His landing wasn’t as delicate and the walkway shook slightly when he made contact. A small part even crumbled away.

  “You can do it,” said Grace whilst Tom tried not to look at me.

  “Can you find another way?” Corinna asked me. “You promised not to take unnecessary risks.”

  I wondered where exactly the off-switch would be for something that was wired inside my ear. Corinna’s constant signs of caring for the snatcher whilst sweet were becoming annoying.

  I stepped back as far as I could go until I reached the railing behind me. The jump didn’t look too far and in my own body I know I could have cleared it as easily as Grace. I took a deep breath and ran towards the gap that started to seem more like a chasm as I got closer.

  As the doubts filled my mind it was too late to stop and I leapt into the abyss.

  TWELVE

  The snatcher’s legs were old and frail but they had enough power to push me into the air and over the gap. I landed hard on the other walkway and it immediately started to rumble from the impact.

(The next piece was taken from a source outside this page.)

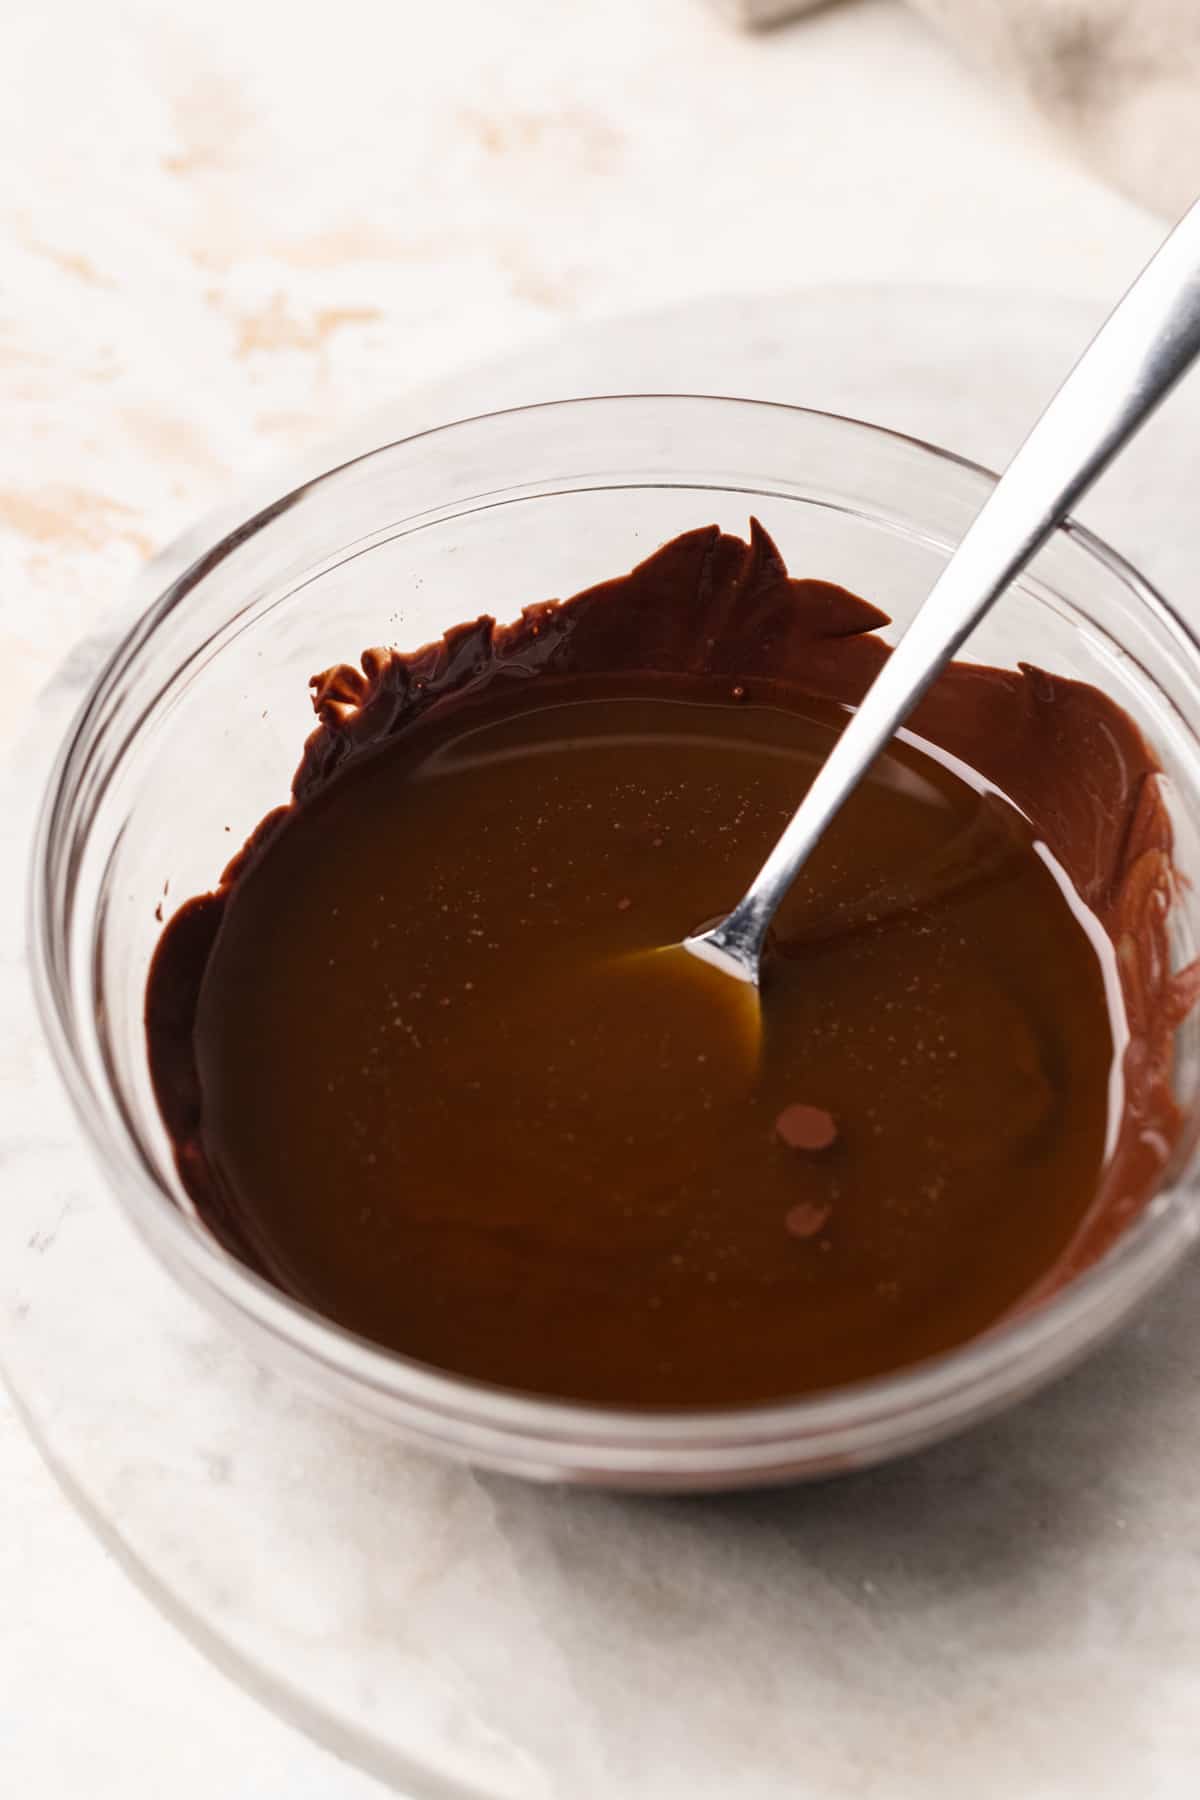 Melted chocolate and olive oil in a bowl.

  “Run!” shouted Tom as the end part of the walkway began to give way. Grace and Tom grabbed my hand and yanked me upwards as I lost my footing. I landed flat on my stomach a few feet forward from where I’d been. Luckily the walkway held firm at that point.

  “Gently,” said Tom as he looked directly at me and helped me to my feet. “You had better be her after all this,” he explained.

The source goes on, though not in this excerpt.